In contrast to London, Guernsey’s bespoke ILS processes and guidance have been developed and designed over many years to deliver exactly the right balance of regulation appropriate for the business. ILS deals also require flexibility in the application of capital and solvency rules. The inability to apply a flexible capital model is likely to impose a substantial additional cost to onshore ILS deals.
In addition, many ILS arrangements are effectively bespoke and the sector is highly innovative. Regulatory oversight needs to be both accessible and responsive to keep up with the industry, something of a speciality of the Guernsey Financial Services Commission where Caroline Bradley and her team are readily available to discuss innovative insurance proposals at relatively short notice.
The second stage of introducing a tax-exempt status of SPV for ILS purposes is a recognition that such structures should not be tax bearing given that the business conducted, service providers and capital providers are all appropriately taxed. This keeps the structure in line with the tax position of conventional wholesale insurance. While this is a natural feature of a tax-neutral environment such as Guernsey, it requires special tax treatment under UK tax law to achieve the position. This is a provision which could be easily and quickly reversed by regulations passed by a subsequent chancellor less inclined towards mimicking offshore business or tax-free investment activity. In contrast, Guernsey’s tax regime has remained largely unchanged and stable since World War II.
Third is the introduction of PCCs as SPV platforms. These were originally designed and introduced in Guernsey in 1997. Since then, the technology has been widely copied and utilised in many jurisdictions in a variety of corporate and finance contexts. In many people’s view, it is high time the UK availed itself of this highly versatile corporate structure.
PCCs have been widely written of elsewhere and I do not intend to go into detail about them here. Suffice to say that they provide for the segregation of liabilities and associated assets within a single corporate structure. This allows the segregation of the specific risks and assets of an ILS arrangement to be so segregated while allowing a single governance and corporate structure to oversee multiple disparate arrangements.
London has faithfully copied the essential elements of the basic PCC model developed by Steve Butterworth and Nic van Leuven 20 years ago. Given that it has proved robust across multiple legal systems (including the English law system in Guernsey) for so long a period, there was little sense in reinventing the wheel.
However, most ILS structures now are using incorporated cell companies that offer a number of governance and segregation advantages. London might look at copying this to bring its offering into line with current preferences if the PCC is unsuccessful.
Of course, London as the home of Lloyd’s could well innovate new structures based on its own core strengths. This could provide exciting new alternatives to the ILS industry.

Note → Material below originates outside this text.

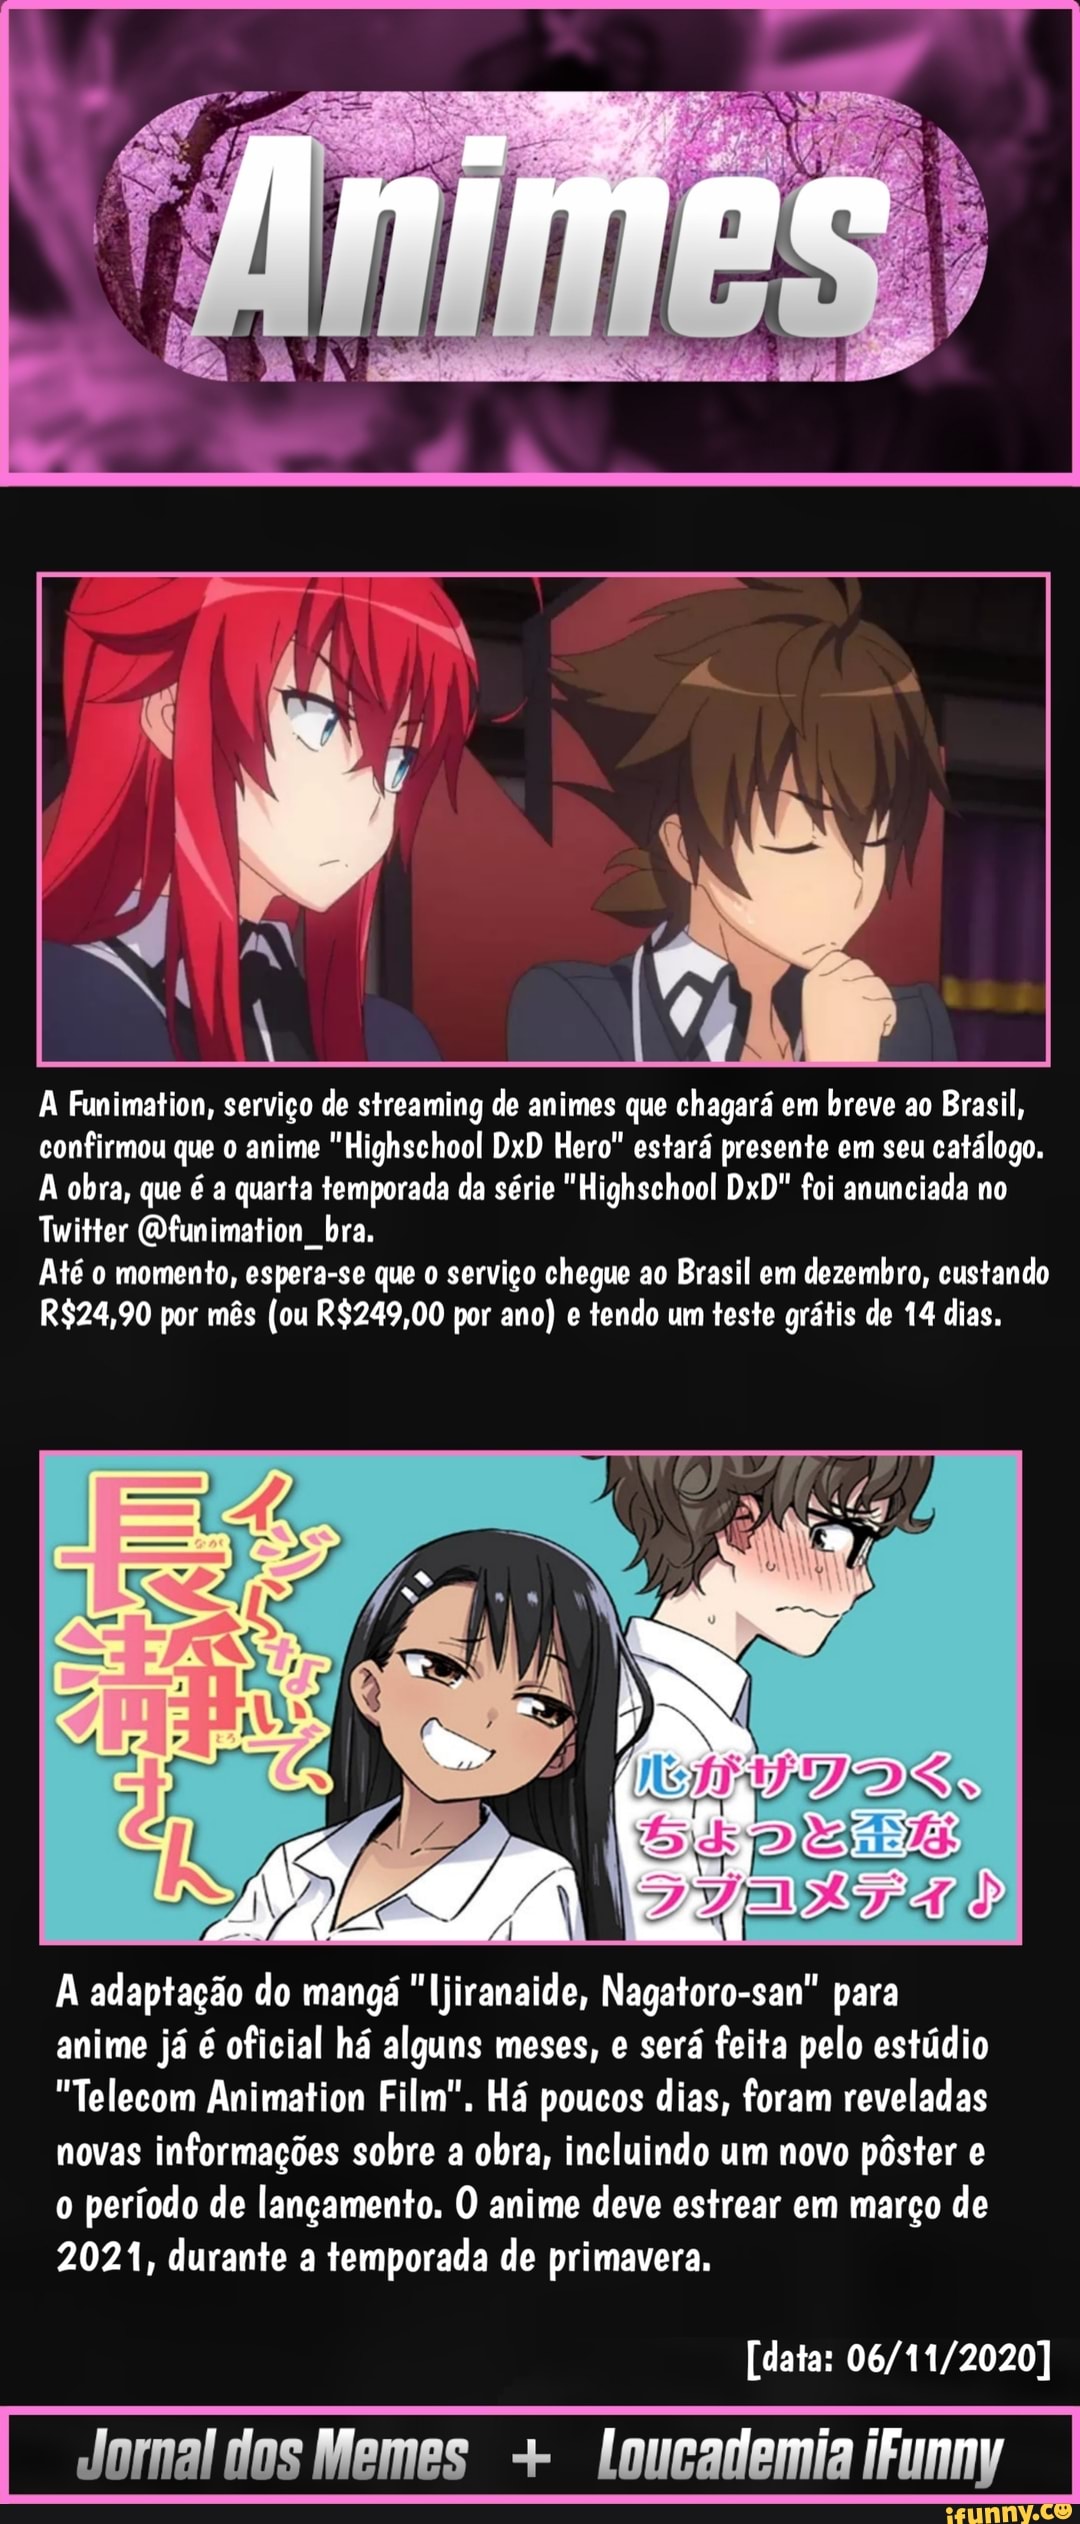 Otaku_Sincero03 on X: Mds @funimation_bra, quanto anime dublado

Some years ago, the then lord mayor described the Channel Islands as ‘London offshore’ and I have always been very comfortable with this description. As part of the London offering, we have a number of key functions, and one of the main ones is as an innovator and as a laboratory location where new ideas can be developed and tested. ILS is another example of how this works in practice and a great demonstration of our symbiotic relationship with the City.